Irish Government should use St. Patrick’s Day diplomacy to urge protection of human rights defenders
Irish Government ministers visiting dozens of countries to mark St. Patrick’s Day should use the opportunity to ensure their counterparts protect human rights defenders (HRDs) and enable them to carry out their peaceful work unhindered, Front Line Defenders said today.
The call comes as Ireland’s Department of Foreign Affairs dispatches 36 representatives on diplomatic visits to 44 countries to mark Ireland’s national holiday – in what it describes as its “biggest ever” such initiative to promote “Global Ireland”.
“The Irish Government wants to promote a modern, progressive society that is open to the world – an important part of this vision should be ensuring there is a level playing field when it comes to upholding human rights and protecting those who often put their lives at risk to defend the rights of others,” said Olive Moore, Interim Director of Front Line Defenders.
“In many countries across the world, including some of those being visited, human rights defenders risk intimidation, imprisonment or even death, just for carrying out their peaceful work. Ireland’s diplomatic envoys must make clear that any attacks on human rights defenders are unacceptable." - Olive Moore, Interim Director of Front Line Defenders
“It’s worth remembering that the story of St. Patrick is one of someone who escaped captivity to follow his vocation – human rights defenders now languishing behind bars should be released and allowed to enjoy the same freedom.”

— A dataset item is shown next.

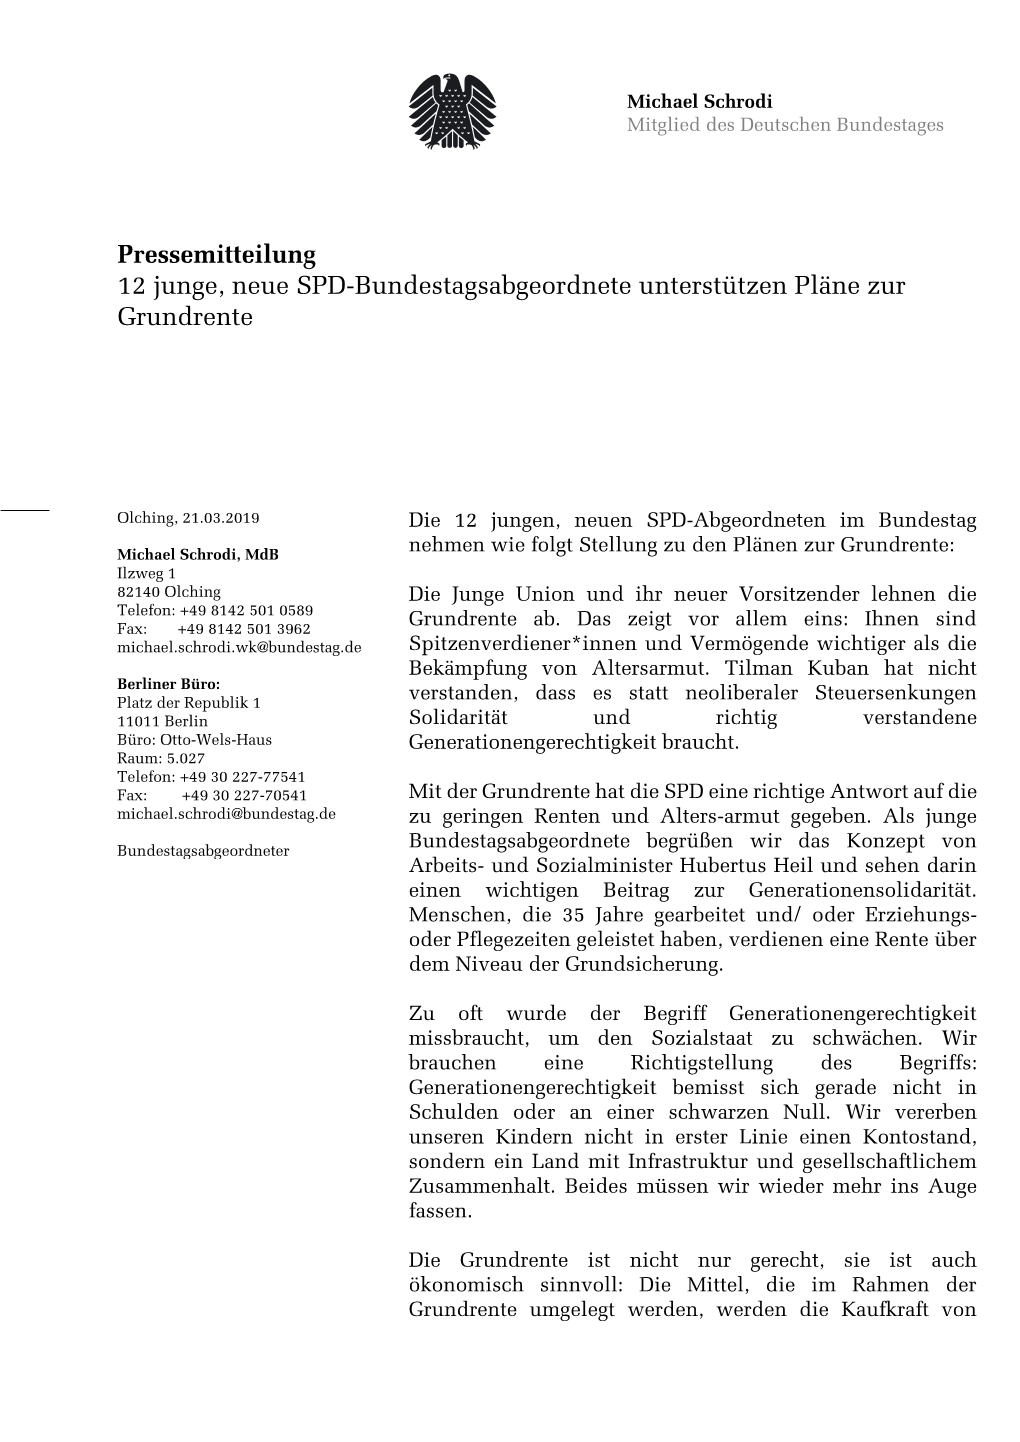 Pressemitteilung 12 Junge, Neue SPD-Bundestagsabgeordnete Unterstützen Pläne Zur Grundrente

Human rights defenders are at the core of free, fair and equal societies, and serve their communities often at great personal cost. The United Nations General Assembly recognised this key role when it adopted by consensus the Declaration on Human Rights Defenders in 1998, 50 years after the adoption of the Universal Declaration of Human Rights. The 1998 Declaration clearly states in its first article that “everyone has the right, individually and in association with others, to promote and to strive for the protection and realization of human rights and fundamental freedoms at the national and international levels.”
The Irish Government has repeatedly stated that it prioritises HRDs and their protection in its foreign policy. At Front Line Defenders’ biennial Dublin Platform event held at Dublin Castle in October 2022, Jack Chambers, TD, then-Chief Whip and Minister of State for Sport and the Gaeltacht said: “Human Rights Defenders are humanity’s best hope for justice and accountability.”
Each year, Front Line Defenders’ Global Analysis documents threats against human rights defenders around the world – including data on the hundreds of defenders killed each year for their peaceful work. In 2020, the Department of Foreign Affairs and Front Line Defenders jointly sponsored a monument in Dublin’s Iveagh Gardens in memory of these fallen HRDs.
Many more HRDs are at constant risk of a wide range of intimidation, including physical and online attacks, smear campaigns and arbitrary detention, as a result of their human rights work. Some are imprisoned unjustly for years on end. Those suffering such long-term imprisonment include: human rights lawyer Mohamed Abdullah Al-Roken; HRD, engineer and poet Ahmed Mansoor; and HRD, economist and prominent academic, Nasser Bin Ghaith in the United Arab Emirates, where the space for civil society is so curtailed that virtually no HRDs can openly conduct their peaceful and vital human rights work. As one HRD told Front Line Defenders, “the authorities have so closed all spaces for human rights action in the UAE that HRDs in the country are either in prison or dead, and the lucky ones are forced into exile.”
Mexico is another country where HRDs come under a wide range of attacks, with Indigenous peoples’ rights defenders being particularly targeted. Some have been subjected to long-term imprisonment, including forest and water rights defender, and Zapoteco indigenous leader, Pablo López Alavez, and lawyer, feminist and Amuzga indigenous defender Kenia Inés Hernández Montalván.
“We are calling on the Irish Government representatives traveling this St. Patrick’s Day to urge their counterparts in Mexico and UAE – and all other countries they visit – to end the persecution of HRDs and to immediately release, and drop charges against, all HRDs who are abitrarily imprisoned,” said Moore.